6. It may only be observed that in a case where urgency provisions have been invoked, a citizen does not have a right to raise objection under Section 5-A. The State has to take possession of the land at the earliest. The delay, which is likely to be occasioned by waiting for the last publication in the newspaper, may sometimes defeat the very object for which the urgency provisions have been invoked. Still further, the right of the citizen would not be adversely affected by simultaneous publication of the two notifications in the newspaper, there would be compliance with the provisions of law by publication in the newspaper as well as in the locality. Unless a clear case of prejudice is made out, it would not be fair to quash the acquisition proceedings. In ‘the present case the notifications were published in the official gazette with a gap of 14 days. Thereafter the mere fact that these were simultaneously published in the newspaper, would be of no consequence.
7. Mr.

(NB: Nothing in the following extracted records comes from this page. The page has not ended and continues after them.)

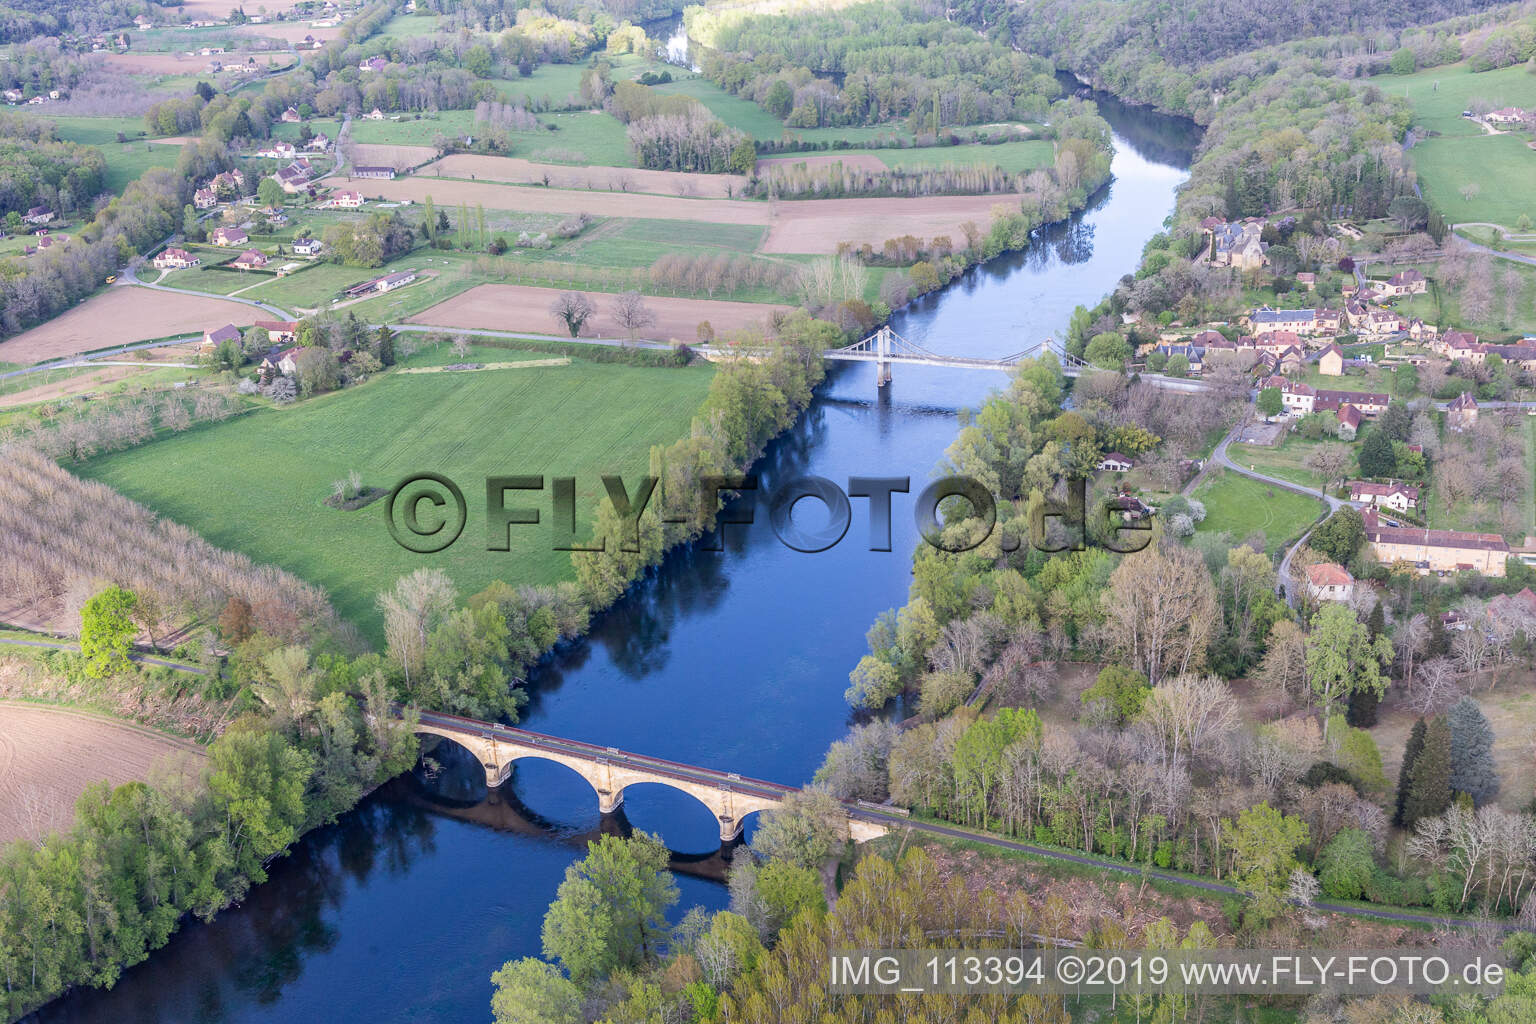 Luftbild von Dordogne in Carsac-Aillac, Frankreich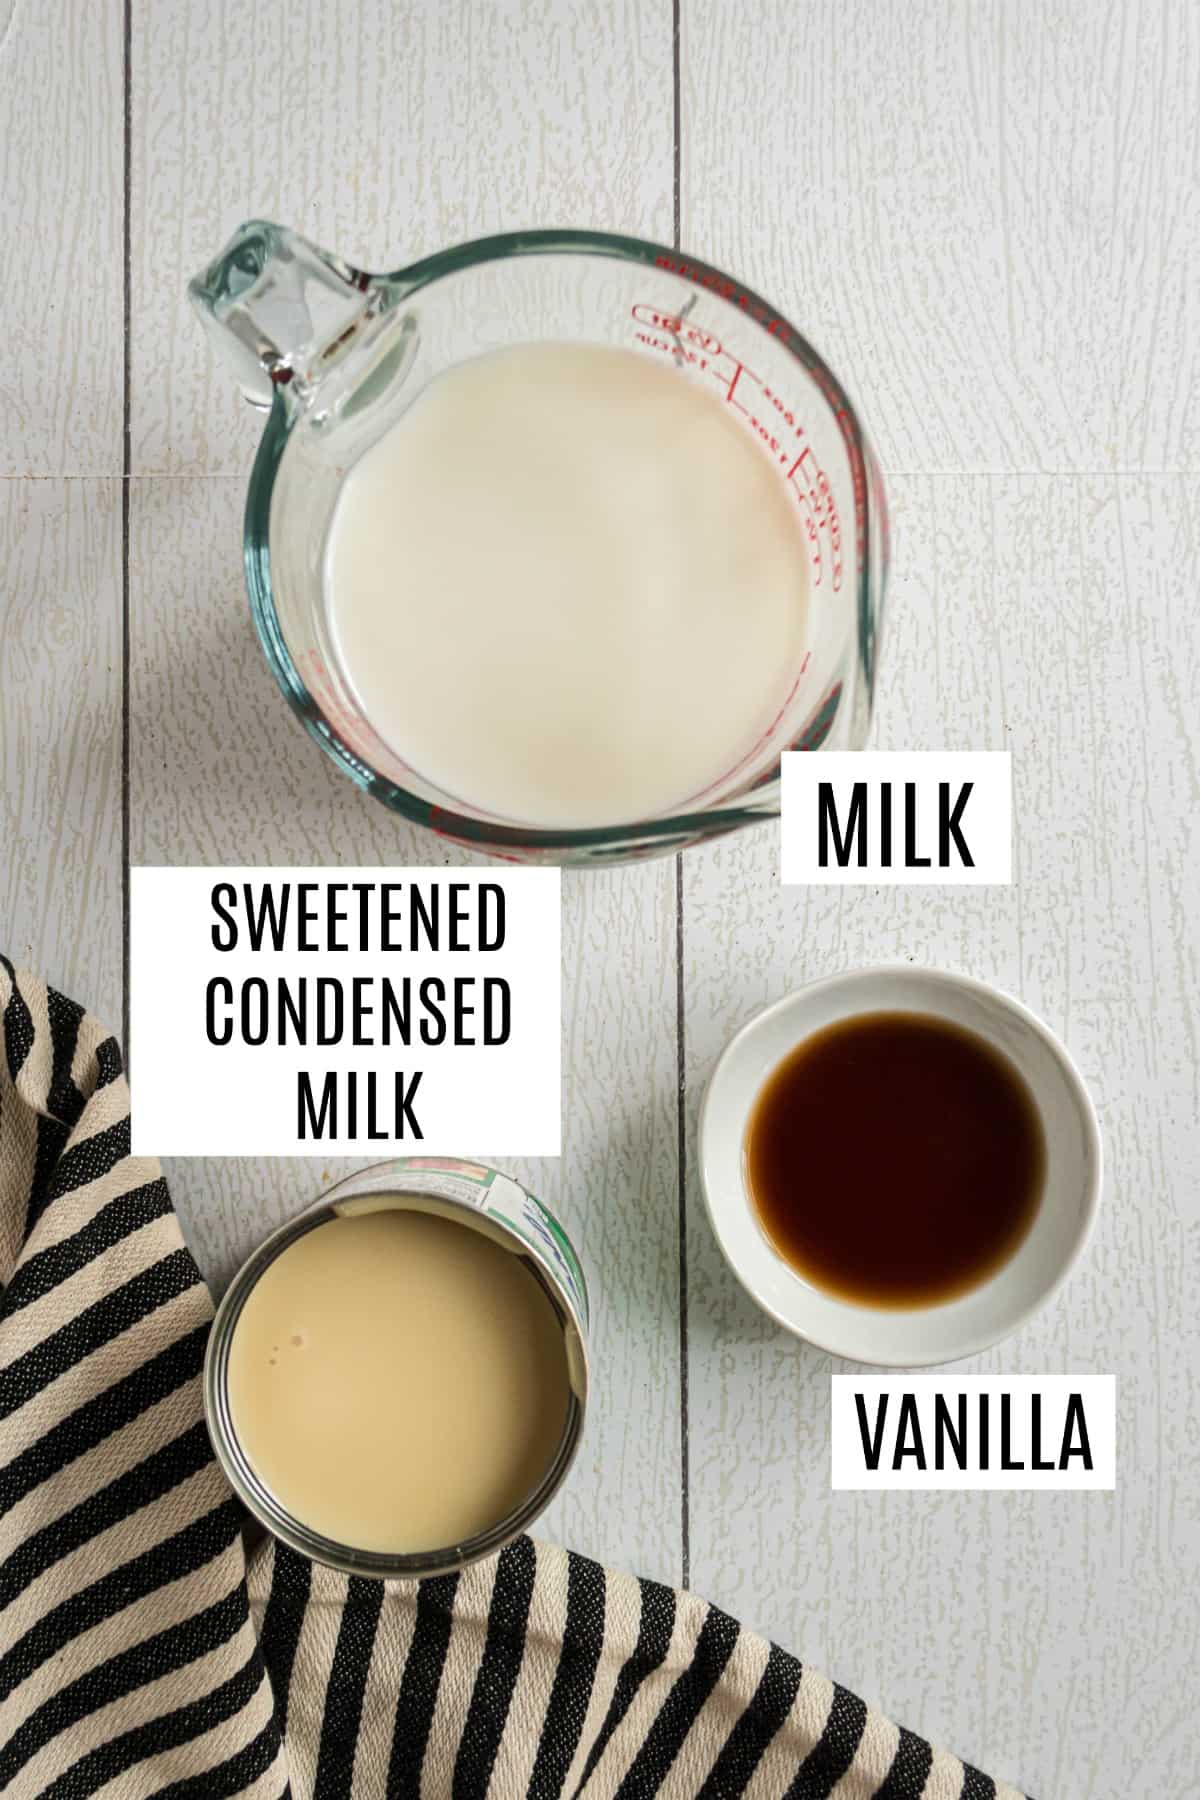 How To Make Homemade Coffee Creamer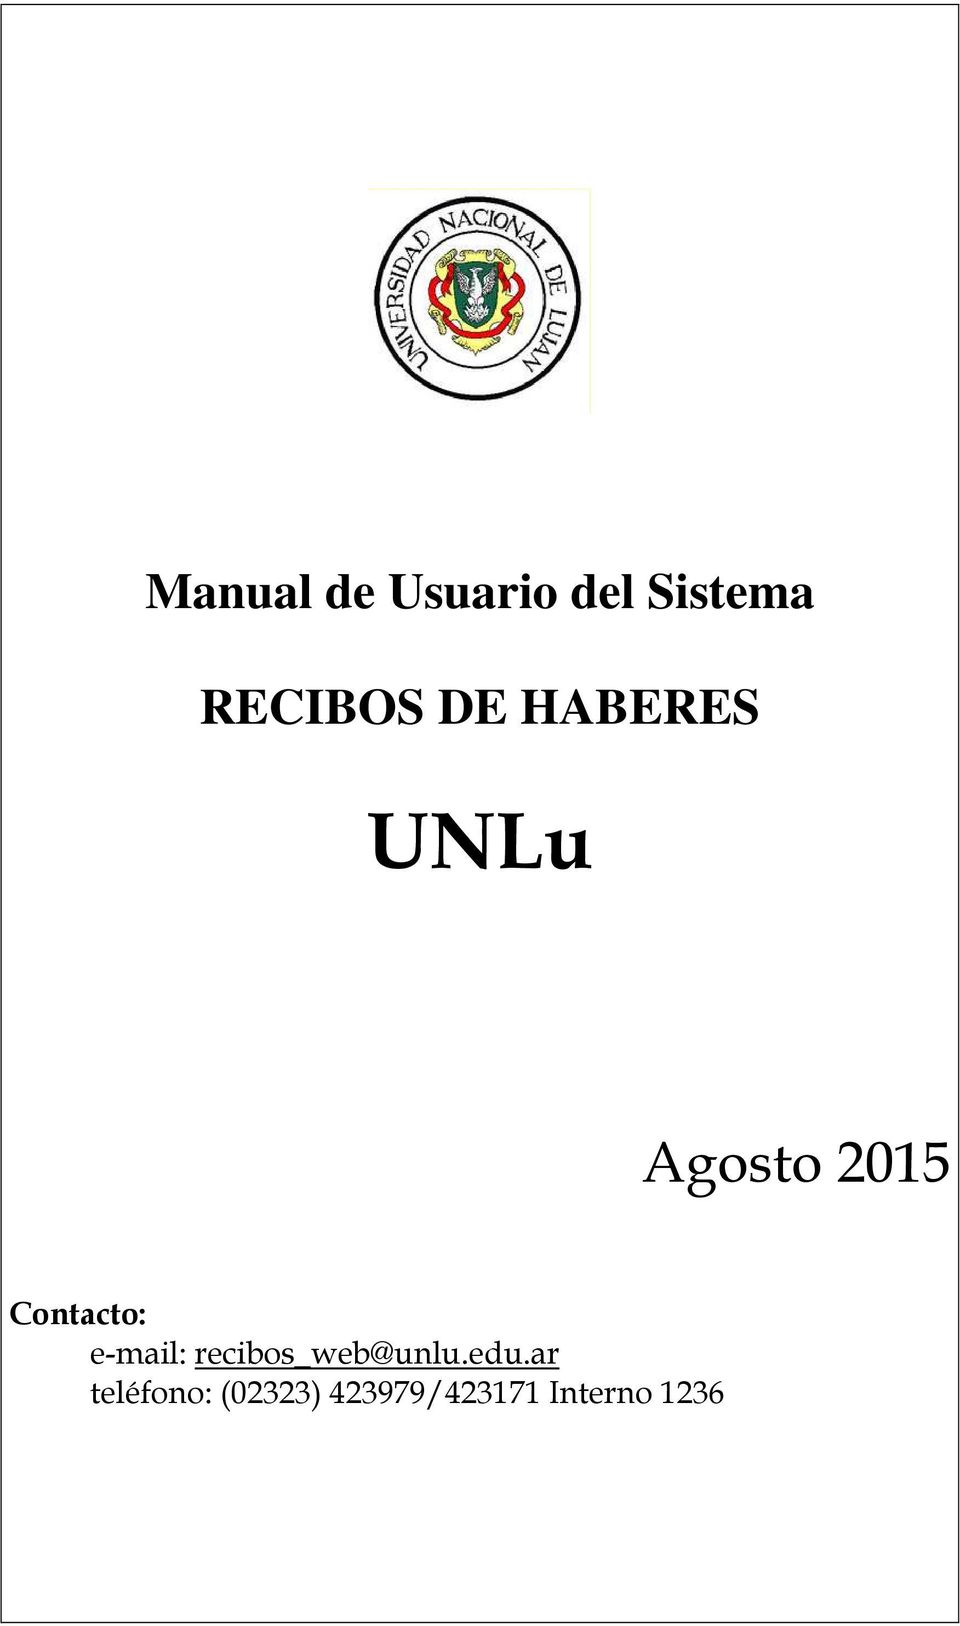 e-mail: recibos_web@unlu.edu.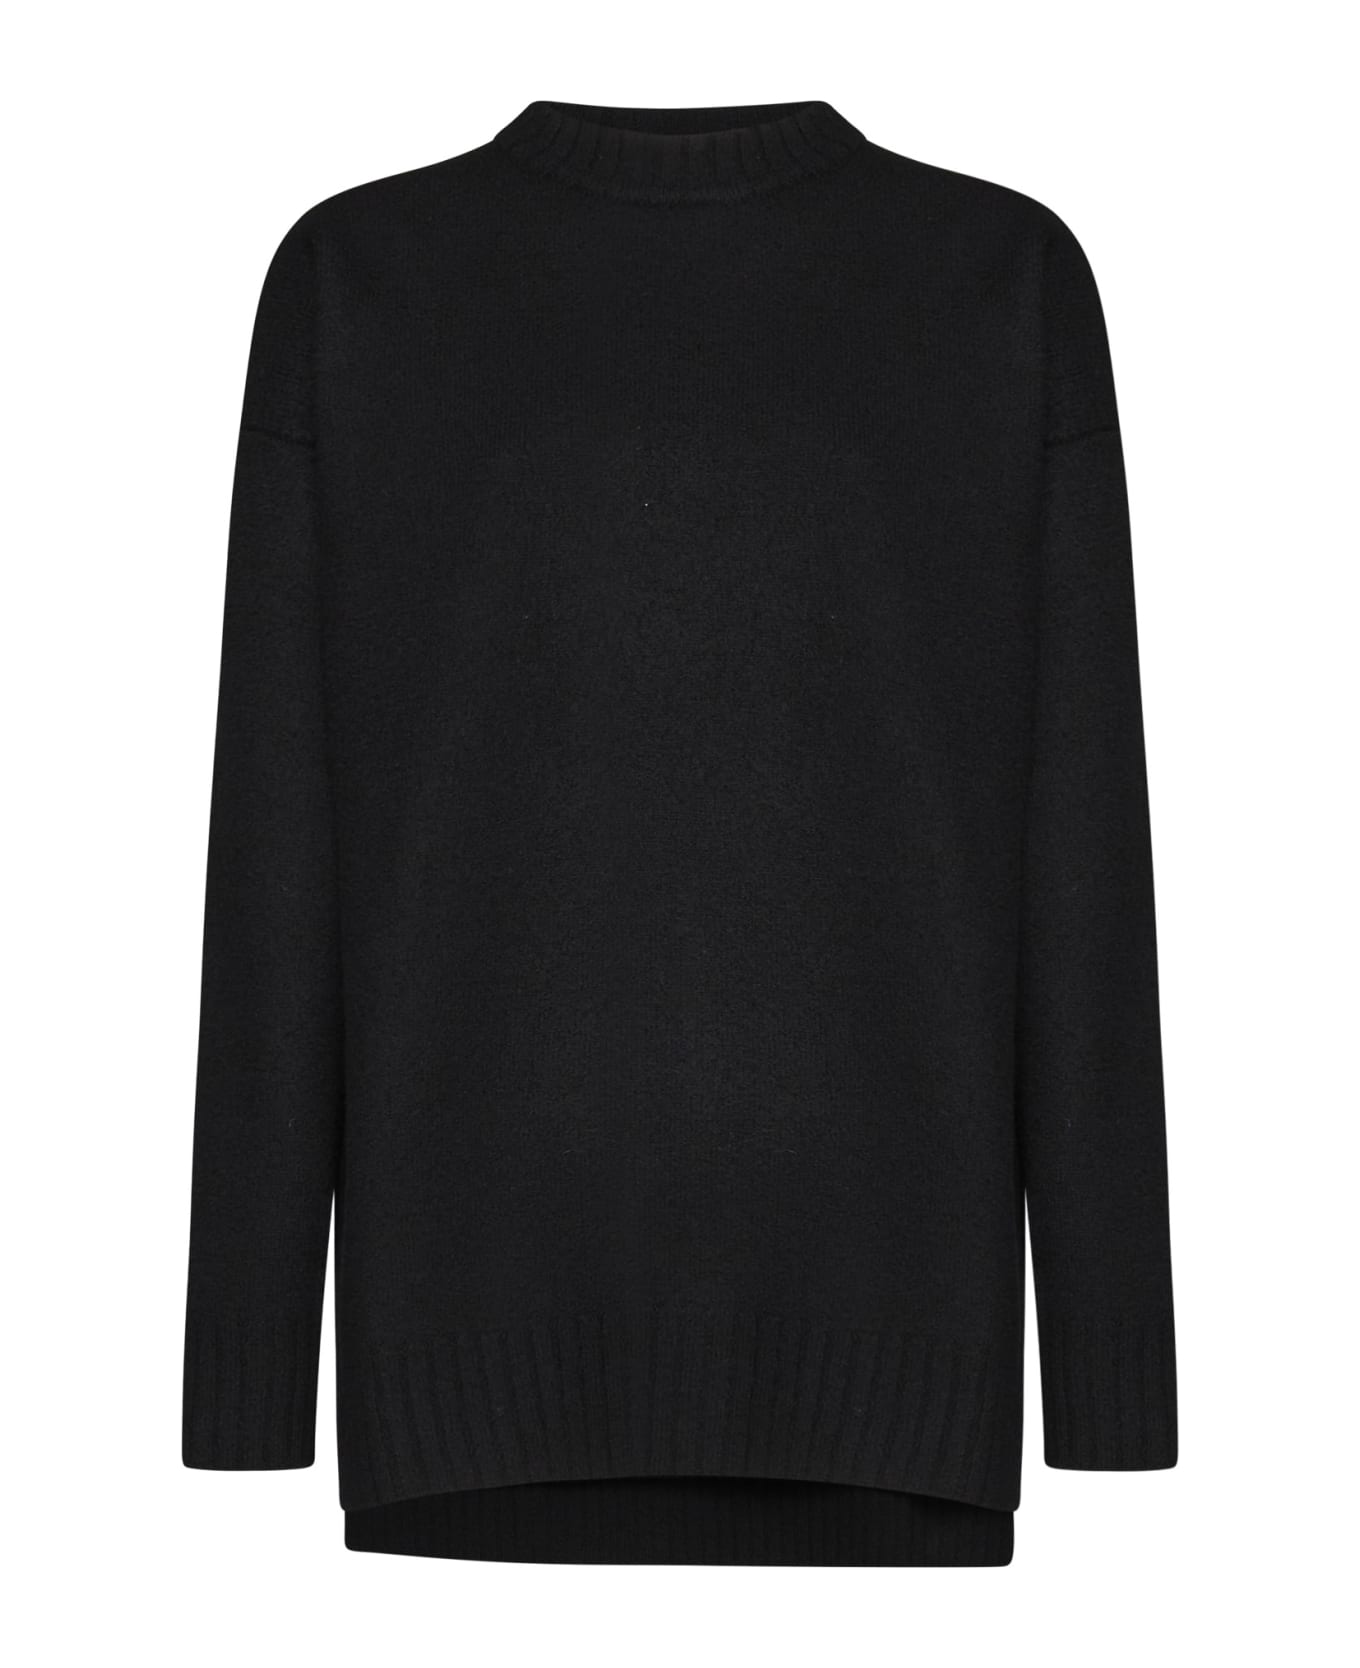 Jil Sander Sweater - Black ニットウェア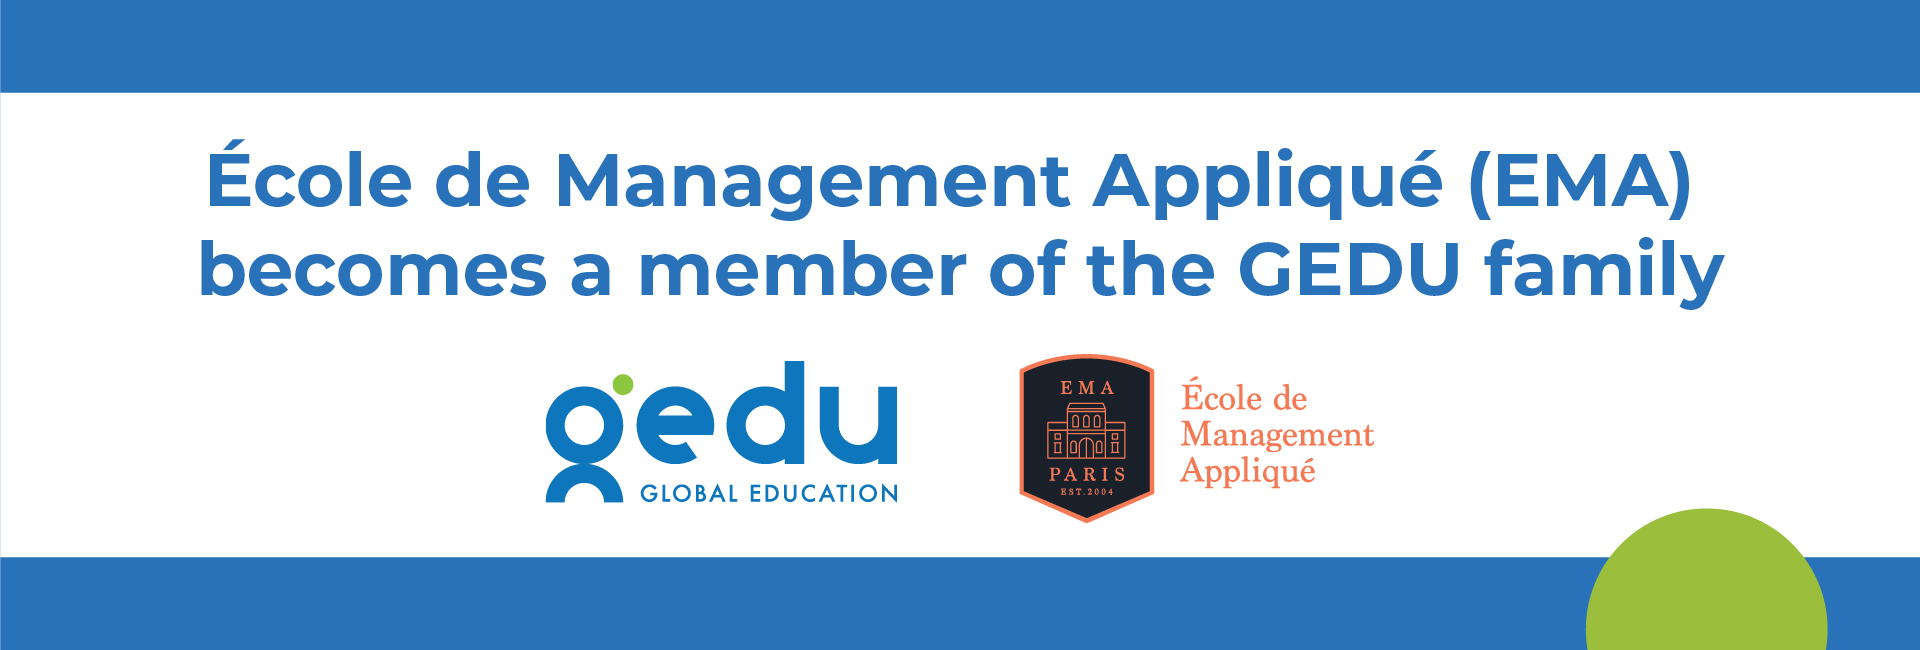 Global Education Holdings Acquires Paris-based École de Management Appliqué (EMA)

Berry, appearing for the respondents, has produced before us an album to show that huge area is flooded with water. The land is being acquired to construct a drain so as to remove the water from the fields. The delay was in- tended to be avoided. It was with this object that the provisions of Section 17 of the Act were invoked. No prejudice has been caused to the petitioner by the simultaneous publication of the two notifications in the newspaper. In view of the position as emerging from the photographs, the contention raised by the learned counsel appears to be reasonable.
8. Mr. Sharma has placed reliance on a decision of the Supreme Court in Eugenio Misquita and Ors. v. State of Goa and Ors., J.T. 1997(8) S.C. 317. In this case the provisions of Section 17 of the Act admittedly had not been invoked. Thus, the position was not parallel. The case is clearly distinguishable.
9. No other point has been raised by the counsel for the petitioner.
10. No ground for interference is made out. Resultantly, the writ petition is dismissed. No costs.
In view of the above order, Civil Misc. application is rendered infructuous. It is ordered accordingly.